The strangest thing is that while postmodernists tend to be way left of center, such an approach to competing to truths in the public sphere is practically the same one preached by conservatives of many colors--the neoconservatives and those who challenge natural selection and evolution.

Irving Kristol, who died a couple of days ago, and considered to be the father of the neoconservative movement, said (HT)
"There are different kinds of truths for different kinds of people. There are truths appropriate for children; truths that are appropriate for students; truths that are appropriate for educated adults; and truths that are appropriate for highly educated adults, and the notion that there should be one set of truths available to everyone is a modern democratic fallacy. It doesn't work,"
Postmodernists will be very happy with such an explanation of how there exist multiple truths, and that there is no single meta-narrative that will fit one and all.
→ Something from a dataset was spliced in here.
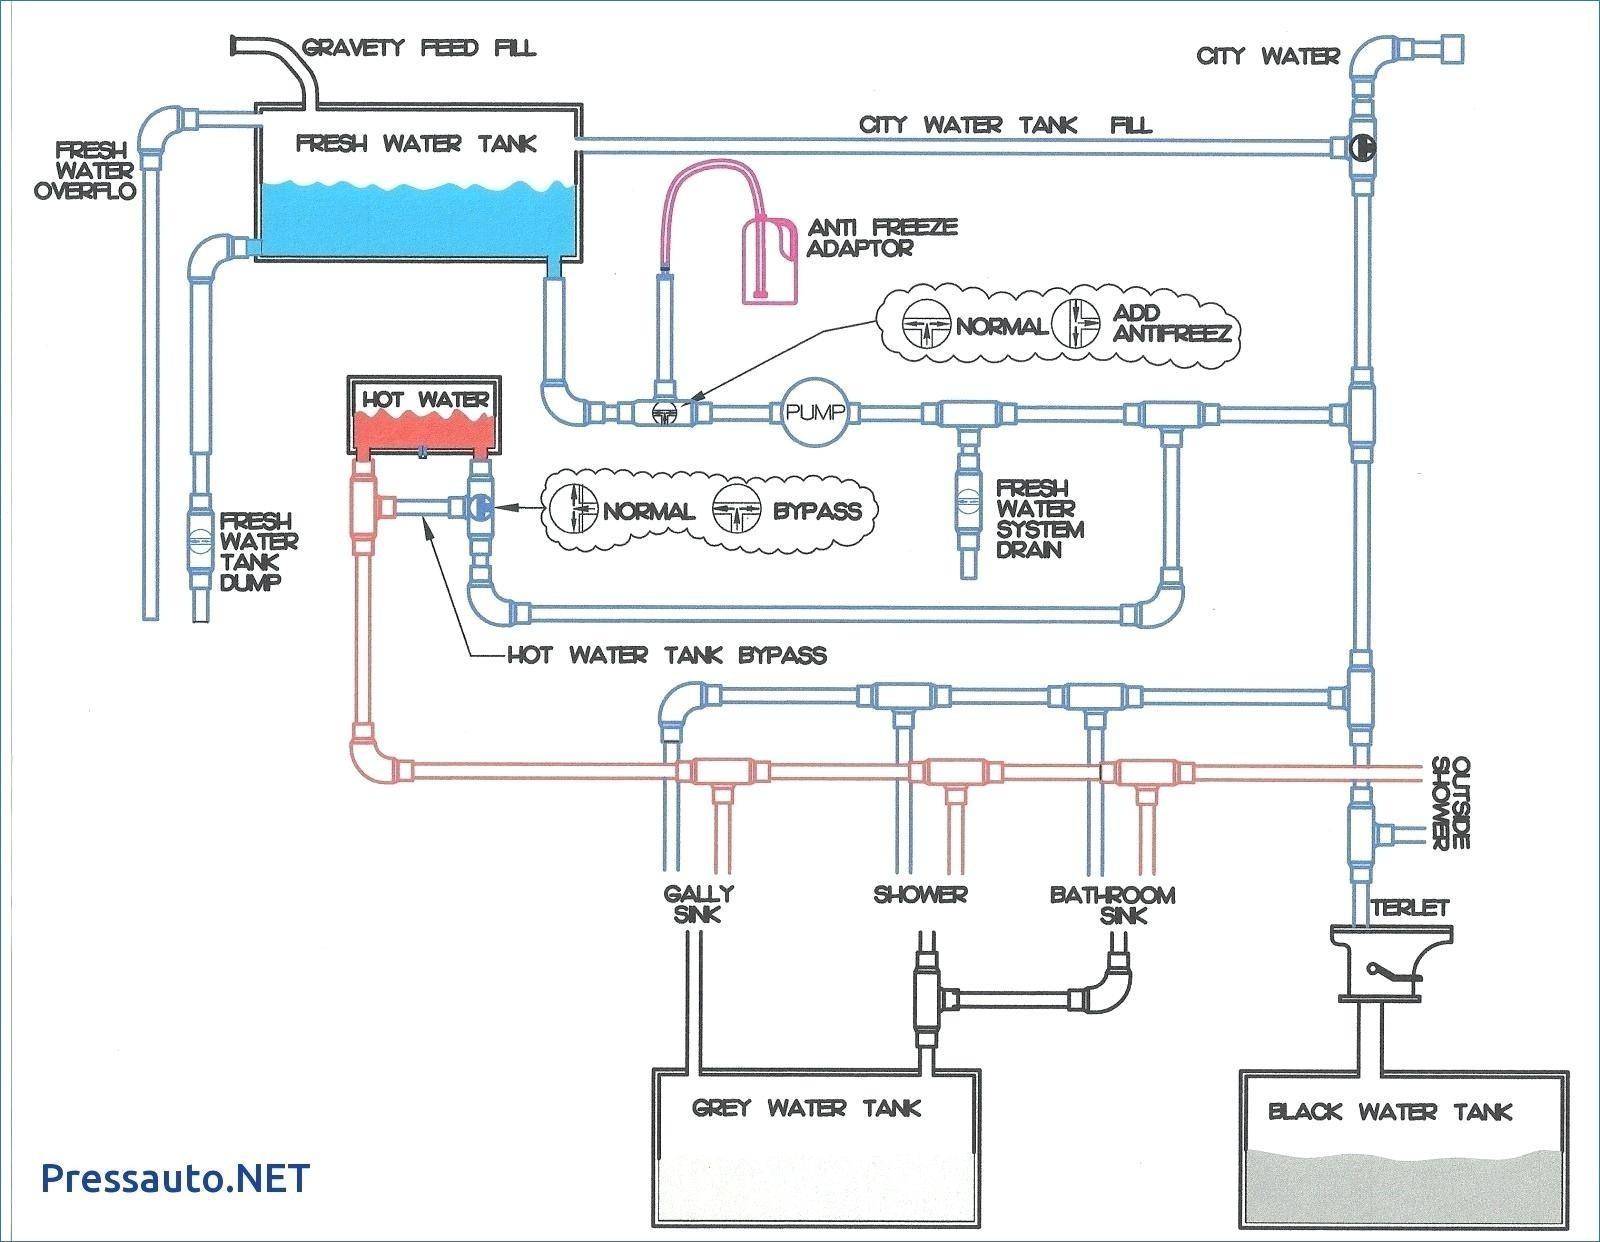 Diagram 2010 Keystone Sprinter Wiring Diagram Full Version Hd Quality Wiring Diagram Seemdiagram Eracleaturismo It

I suppose it is not that difficult to imagine Kristol being a postmodernist; after all, he was a Trotskyist, who later underwent a conservative conversion while holding on to many of his original notions. As one commentator noted back in 2004,
Irving Kristol began his political life at the City University of New York in the 1930s as a follower of Trotsky, whose own critique of the USSR allowed Kristol to abandon an early flirtation with Marxism.

From Trotsky, Kristol drew one important lesson: the idea of "permanent revolution" and the "export of Communism" without any concession made to other political ideologies, such as nationalism (or "socialism in one country"). If Trotsky wrote of "exporting Communism", Kristol's junior Joshua Muravchik wrote, in 1991, of "exporting democracy", where "democracy in one country" is insufficient, since it has to be exported around the world if it is to be sustained.

So, when there are competing truths, and the permanent revolution seeks to export democracy, well, it is no wonder we then came across a bizarre "postmodernist" statement by a senior adviser to President Bush:
''We're an empire now, and when we act, we create our own reality."